Under attack from rivals such as the Holden Captiva, Territory’s sales have slumped by half in just six years, from 23,454 in 2005 to 11,558 in 2010.

Once the king of the medium SUV heap, the Territory last year slipped to fourth in the sales stakes.

A fresh face and the all-important new diesel engine – taken from the Ford parts bin in Europe where the Duratorq V6 once powered Land Rover, Jaguar and Peugeot vehicles – promises to give the biggest locally made Ford another chance.

The makeover will bring the first serious exterior change to the Territory’s styling since it was launched in 2004, although tweaks in 2006 and 2009 gave the range some impetus. In 2006, Ford added its stonking turbocharged straight-six engine to the Territory model mix, causing plenty of excitement but only a short-lived sales spike.

After all, SUV buyers tend to have their feet firmly planted on the ground, putting family values ahead of 0-100km/h times.

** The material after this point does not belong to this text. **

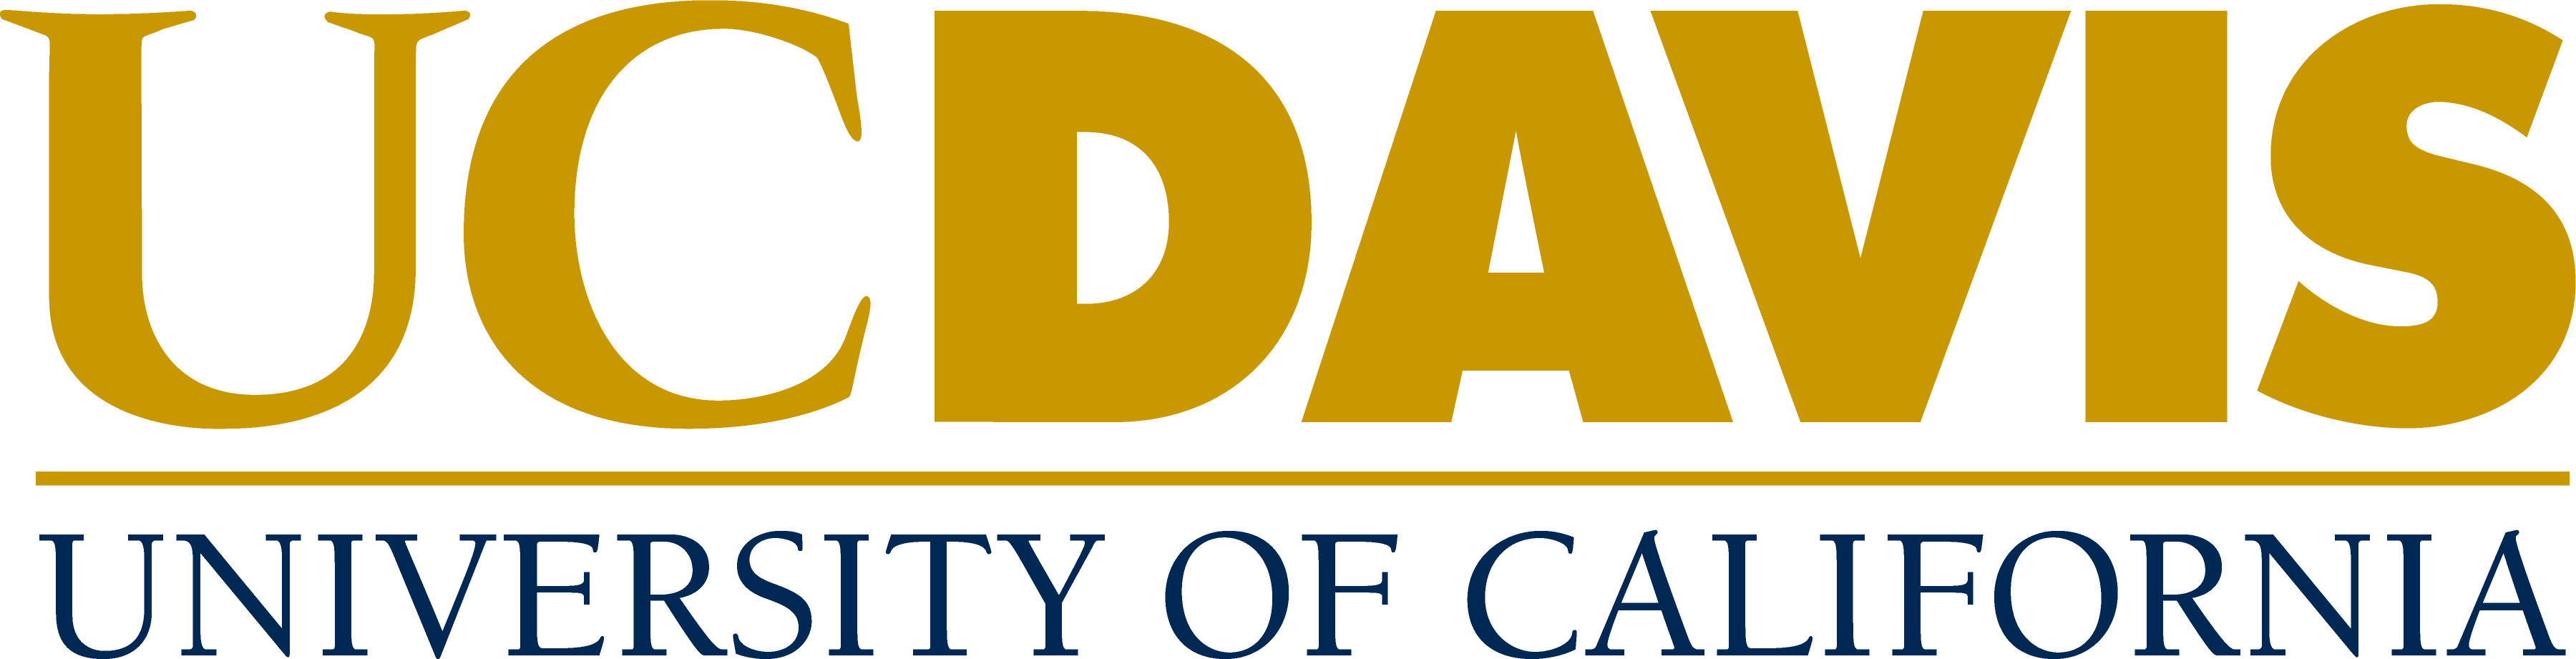 University of California, Davis (UC Davis)

128 center imageFrom top: Facelifted Ford Territory, Holden Captiva 7, Toyota Kluger and Toyota Prado.

The main gain from the 2011 Territory will come from just such buyers, looking for fuel efficiency and understated muscles in a practical family vehicle.

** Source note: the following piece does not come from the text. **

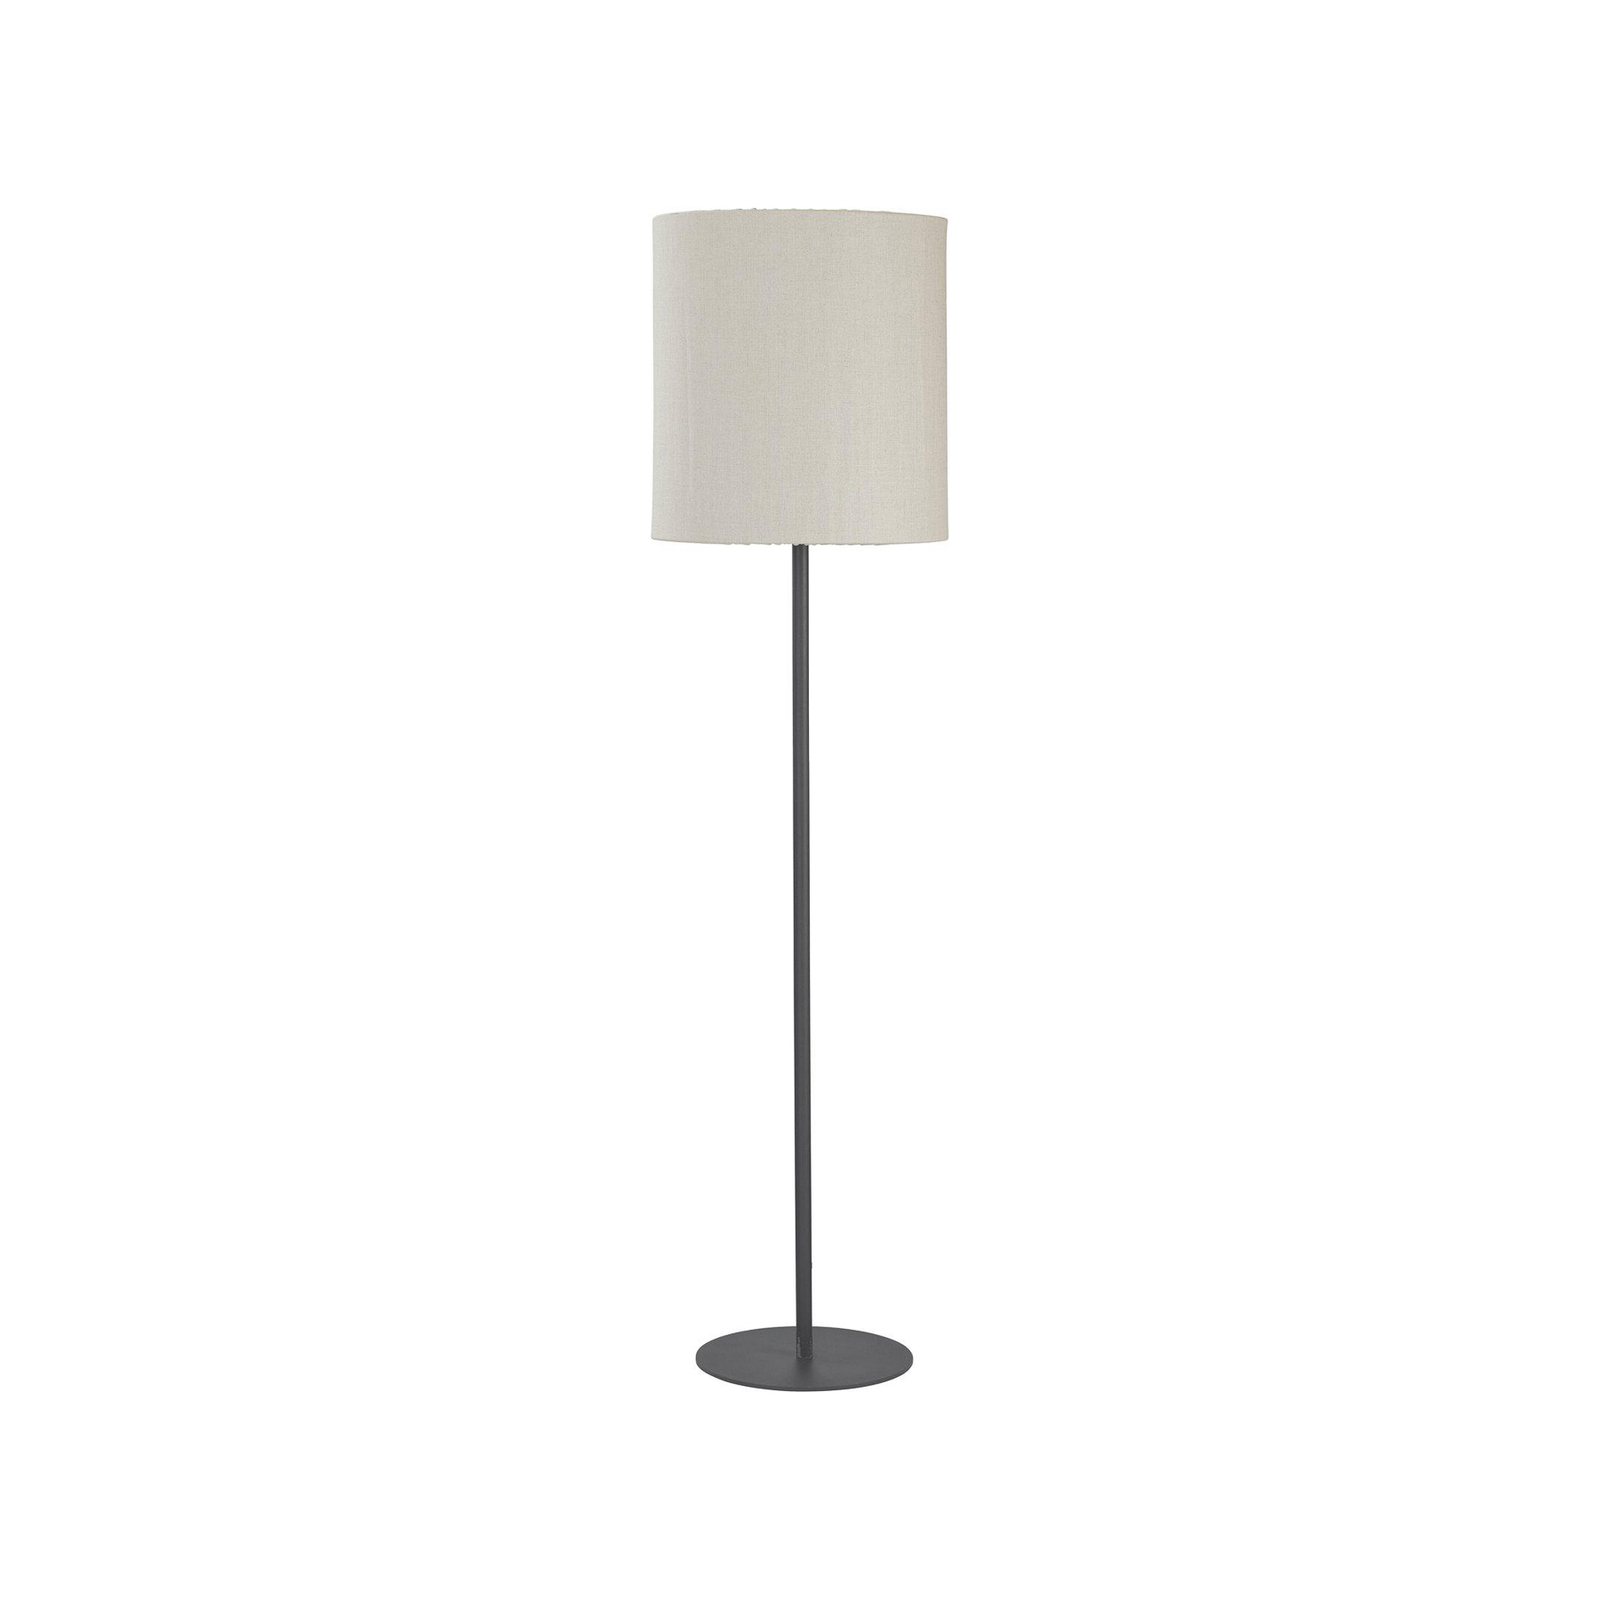 PR Home Външна подова лампа Agnar, тъмно сиво/бежово, 156 cm

For a change, the grunt-filled diesel V6 will give Ford a mechanical advantage over Territory’s two biggest rivals – the Toyota Kluger and Holden Captiva 7.

Kluger offers no diesel at all, while Captiva’s optional diesel is only a four-cylinder, albeit a handy new 2.2-litre twin-cam four-cylinder unit that comes on stream to replace the noisy, asthmatic 2.0-litre unit from this month.

While we do not yet know the final performance figures for the Territory diesel – the company is expected to share more information on this at a special media technical presentation next week – the V6 produced 152kW of power and 440Nm of torque in Land Rover guise.

But more interesting than the engine output will be the price. Holden has just taken the shears to the pricing of its Korean-built seven-seat Captiva 7 – the slightly larger of the two Captivas, the other being the five-seat Captiva 5 – cutting $2000 from all but one model.

The cheapest Captiva 7 – the SX 2WD 2.4-litre petrol automatic – now starts at $32,490, which is more than $7000 cheaper than the most affordable current Territory, although that $39,890 2WD TX gets Ford’s much more powerful 4.0-litre petrol inline six.

If Holden buyers don’t mind slipping down to five seats, the Captiva 5 pricing starts at $27,990 for the 2WD 2.4-litre petrol manual.

In run-out mode, combined Captiva 5 and 7 sales last month drove Holden’s SUV twins to effective market leadership, although the ‘5’ is now regarded as a compact SUV.

However, the Toyota Kluger is arguably a more direct competitor for the Territory in both size and performance.

Powered exclusively by Toyota’s 3.5-litre petrol V6, Kluger pricing starts at a tick under $40,000 for the 2WD KX-R automatic.

Last November, Toyota upgraded the Kluger – which is built off the same platform as Camry – with some new sheetmetal, a fresh fascia and more equipment, along with price cuts of up to $1000 on all eight models.

But with no diesel in sight, nor a major model change on the horizon, Kluger could be right in the firing line.

Against that, the softer of Toyota’s two medium SUVs – the other being the top-selling rugged, go-anywhere ladder-chassis Prado – is armed with arguably the most potent weapon in the SUV world: the Toyota badge.

Toyota’s SUVs have been models of sales consistency over the years, only rarely being out-pointed by rivals, and then only for brief periods.

We will find out soon if Toyota fired all its shots in the 2010 upgrade, but the gentlemen from Taren Point, in Sydney, are highly unlikely to sit on their hands while firstly the Holden Captiva and, from May, Ford Territory run roughshod over their champion.

The question on their lips will be whether Ford can price the new diesel at a level to cause real heartburn for Toyota dealers, and whether Ford also hacks lumps off the price of its petrol models.

One thing is for certain, Ford needs to lift Territory sales. Last year, it managed to pull up Territory’s socks by 6.2 per cent, but that was in a market segment that rose 16.1 per cent.

With Ford’s market share slumping below 10 per cent in 2010, the guys in the blue corner need to make every new model count on the sales scoreboard in 2011, starting with Territory.